Una vez más la niña se quejó, pero al ver a su amigo sonrió sincera y cálidamente. Sin duda ella estaba dispuesta a hacer lo posible por evitar que su amigo fuera reprendido por la directora. Mientras tanto, la profesora miraba conmovida a ambos niños, era obvio que se trataban de unos buenos amigos y que lo ocasionado había sido sólo un accidente a causa de un juego de niños.
Ver a esos niños me hizo pensar que mi único amigo era Tk, pero ahora que estaba lejos de mí¿quién sería mi amigo¿Quién sería capaz de hacer lo que hizo aquella niña por mí? Estaba sólo en un distrito desconocido, con una nuevo departamento, una nueva habitación, escuela… incluso vida. ¿Qué me depararía el destino a partir de entonces?… ¿Estaría solo por siempre?
Por fin mi padre terminó todos los trámites para mi ingreso a esa primaria. Mientras tanto, parecía que los problemas de los niños se habían resuelto, la profesora había permitido que ambos se fueran a enfermería para que revisaran el pie de la niña. Ambos caminaron hacia la puerta de salida, yo estaba más o menos a un metro de distancia de esa puerta, cuando estuvieron frente a mí, ambos me miraron y ¿me sonrieron? Sí, me habían sonreído y continuado su camino, pero… ¿por qué me sonrieron ambos?
Antes de que me diera cuenta, los niños ya estaban fuera de aquella sala. Fue entonces cuando me di cuenta de la expresión de mi rostro: estaba sonriendo, sólo una leve sonrisa, pero eso demasiado para mí, después de todo no había sonreído sinceramente desde hacía cuatro semanas.
—¿Profesora Yamada? —la llamó la secretaría, tenía algo muy importante que decirle.
—Dígame, señorita Hiroki —se acercó a nosotros.
—Le presento a Ishida Yamato, será su nuevo alumno a partir de mañana.
—¿Uno más? —se agachó y me miró a los ojos con una sonrisa —Eres un chico muy apuesto, te esperaré mañana a las nueve —rozó mi rostro con su mano —, sé puntual.
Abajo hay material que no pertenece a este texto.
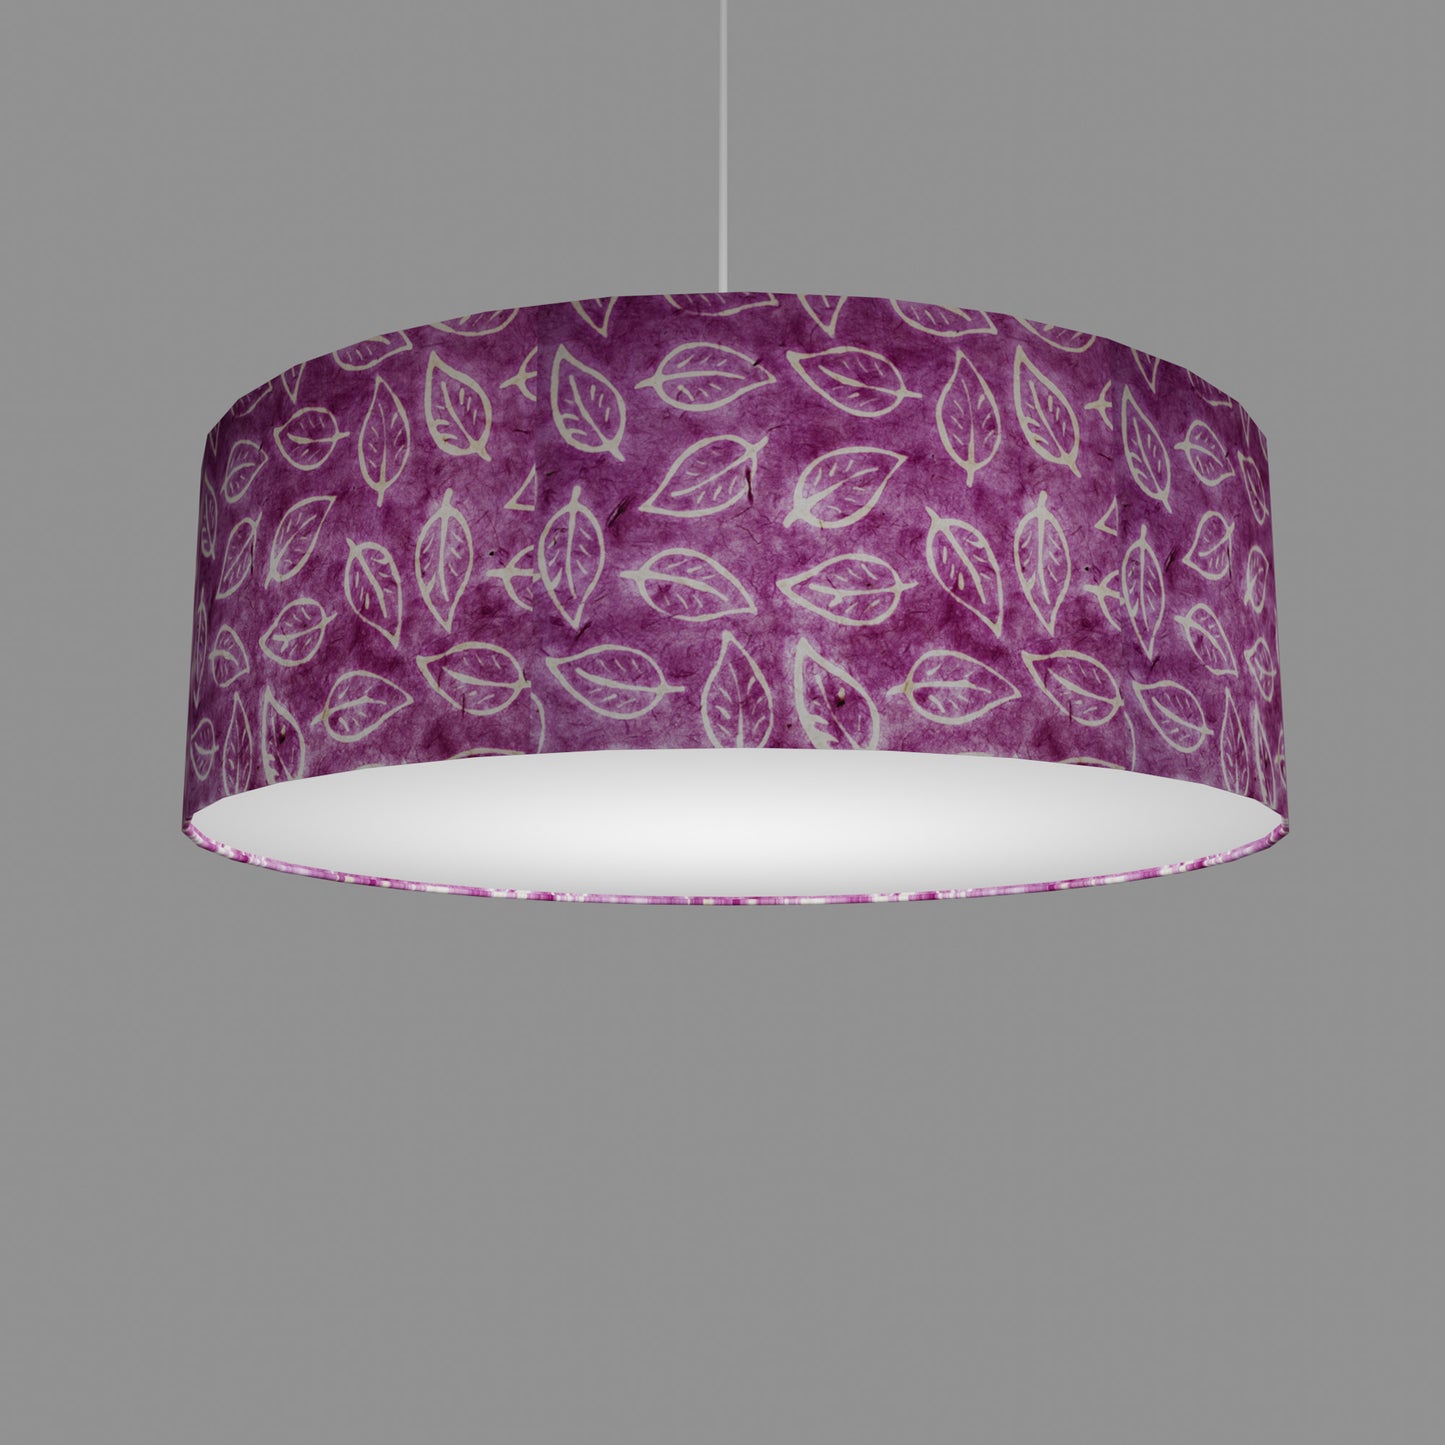 Drum Lamp Shade - P68 - Batik Leaf on Purple, 60cm(d) x 20cm(h)

Parecía ser una mujer amable, a pesar de lo fuerte que había reprendido al otro niño; quizá la había irritado el silencio.
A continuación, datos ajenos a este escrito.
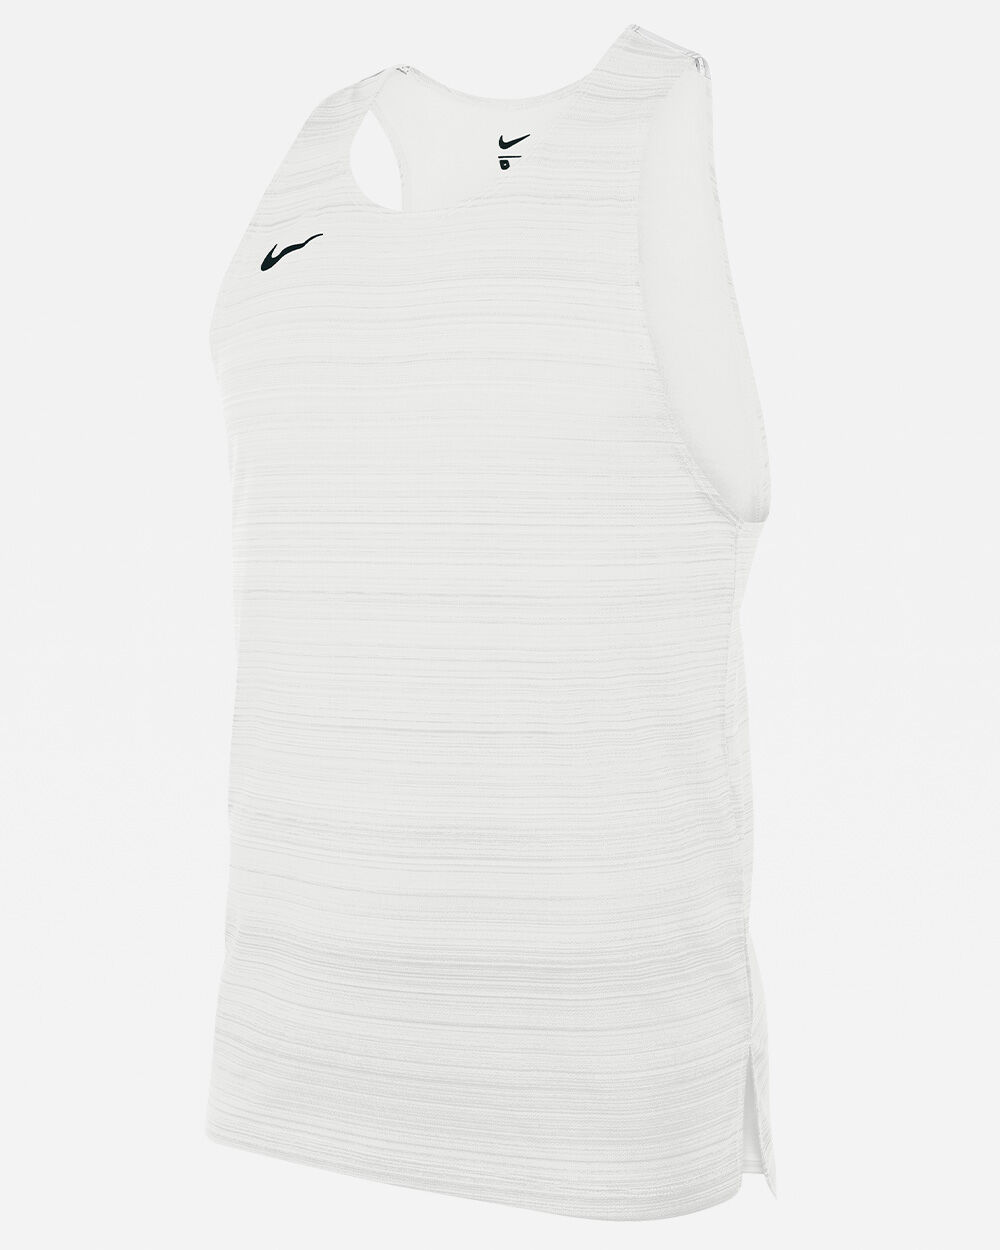 Nike Canotta da running Stock Bianco Uomo NT0300-100 XL

A la mañana siguiente, mi padre preparaba el desayuno en la cocina, yo lo sabía porque lo escuchaba desde mi habitación. Era fácil averiguar lo que preparaba: huevos revueltos, pan tostado y jugo de naranja, lo único que sabía preparar sin que se le quemara o pegara en la sartén. Sé que era su primera semana como "padre soltero", pero ¿era muy difícil comprarle cereal a su hijo? Toda la semana me había dado de desayunar huevos revueltos, ya los odiaba.
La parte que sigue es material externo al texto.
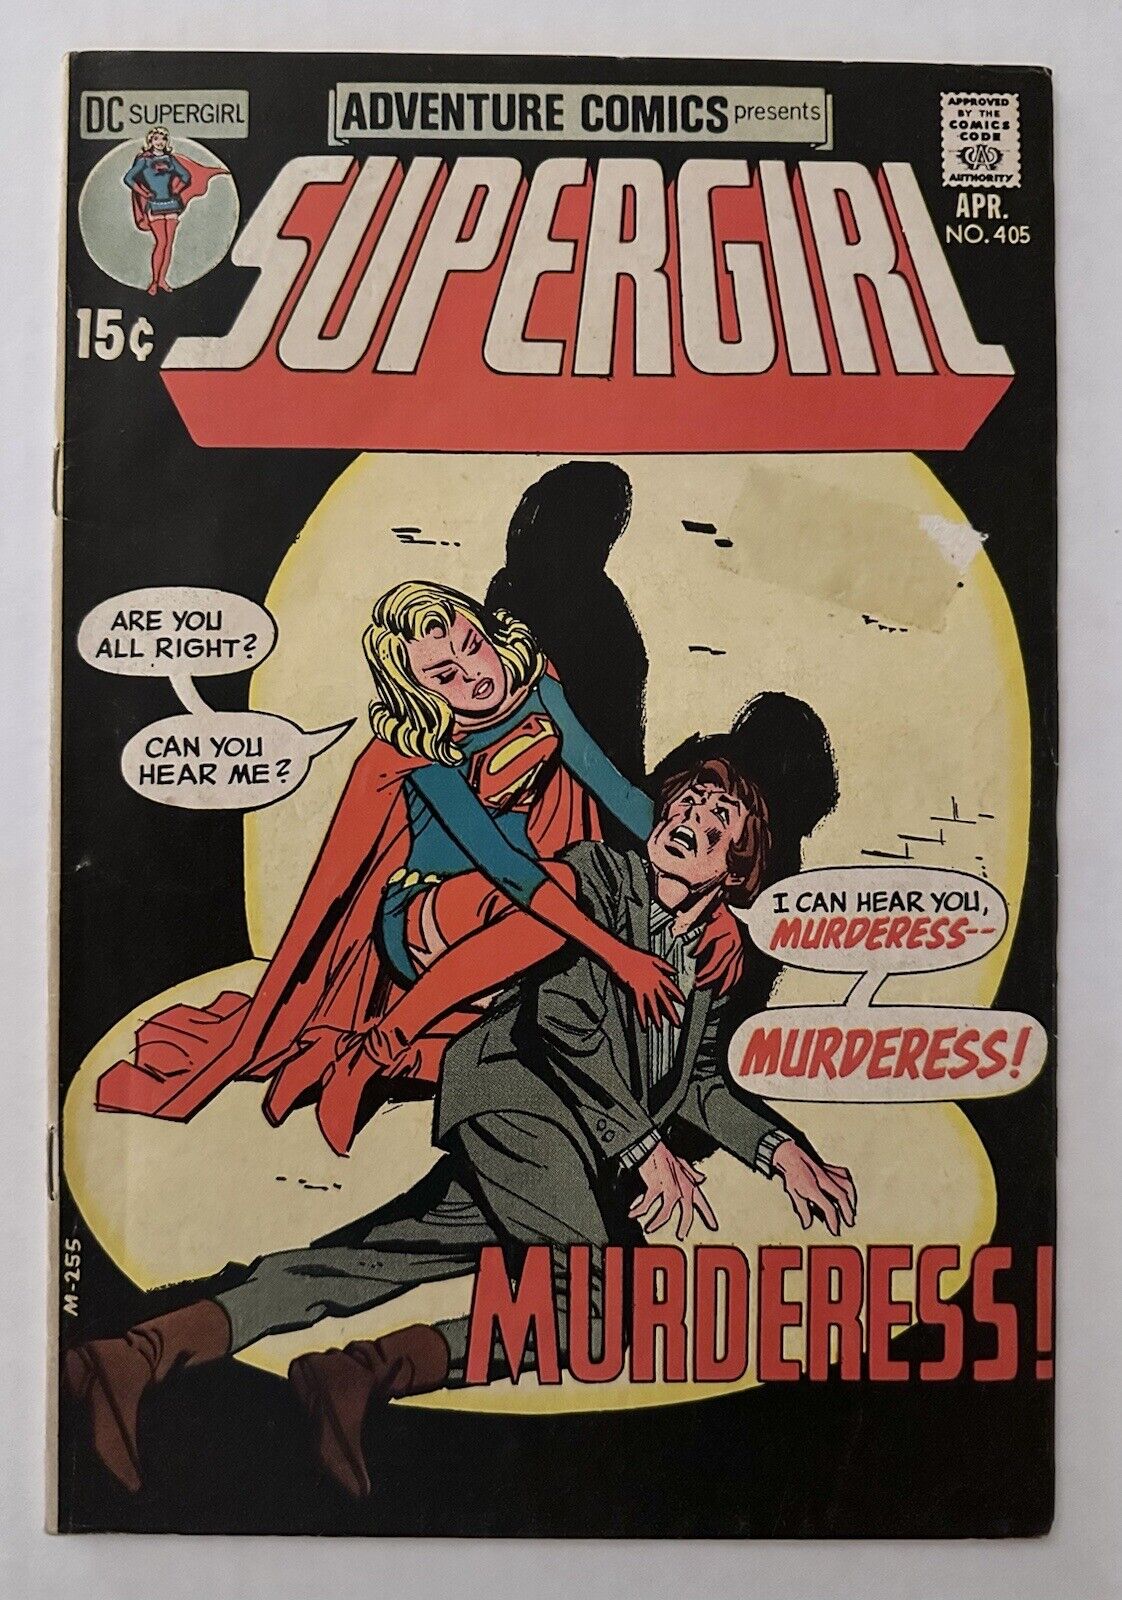 Adventure Comics Supergirl 405 - Bronze Age DC 1971 - Mike Sekowsky cover

Escuché sus pisadas por el corredor, se dirigía a mi habitación, seguramente ya había llegado la hora de levantarme.
—Matt, ya es hora de que te levantes —intentó sonar lo más cordial posible, últimamente yo me irritaba con facilidad —. Es hora de ir a tu nueva escuela…
—No quiero ir a la escuela —respondí cubriéndome completamente con la cobijas. Ese día amanecí furioso, quizá había tenido un mal sueño.
—Anda, no seas testarudo —insistió tratando de levantarme de la cama, sin embargo yo no hacía el más mínimo movimiento —. Matt, sé que estás molesto pero…
Me destapé la cara y la levanté por unos instantes, en mi rostro reflejaba enfado, me ardían los ojos, seguramente había llorado un poco por la madrugada.
—Odio este estúpido distrito —refunfuñé y justo al terminar mi frase volví a cubrirme el rostro —, lo odio.
—Ya basta. Debes entender Matt, tu madre y yo ya no teníamos nada en común, fue una decisión de los dos y…
—Tk y yo no tenemos ni voz ni voto, por eso los ¡ODIO! —grité furioso.
—Matt, sabes que no es cierto…
Aquí íbamos de nuevo, mi padre siempre empezaba así las conversaciones referentes a la familia, incluso yo lo había memorizado: "Matt, sabes que no es cierto, si tu madre y yo nos separamos fue por su bien, no deseábamos pelear más frente a ustedes. Sé que es difícil para ti, pero…" y terminaba con el clásico "cuando crezcas lo entenderás". Realmente quería evitarme el sermón y quería evitárselo a él, lo había repetido tantas veces que pienso que ya hasta él mismo se lo había creído.
—Creo que ya es un poco tarde —dije desganado —. Tengo que prepararme para ir a la escuela —me levanté de la cama, sería la única forma de evitar sostener una cordial conversación con mi padre.
Luego de terminar el desayuno, mi padre y yo subimos al auto con rumbo a la escuela. Durante todo el camino invadió el ambiente un silencio incómodo, ninguno evocó palabra alguna, todo estaba muy callado a excepción del motor del auto, el cual a causa de largos y dolorosos acontecimientos, no había sido verificado en mucho tiempo.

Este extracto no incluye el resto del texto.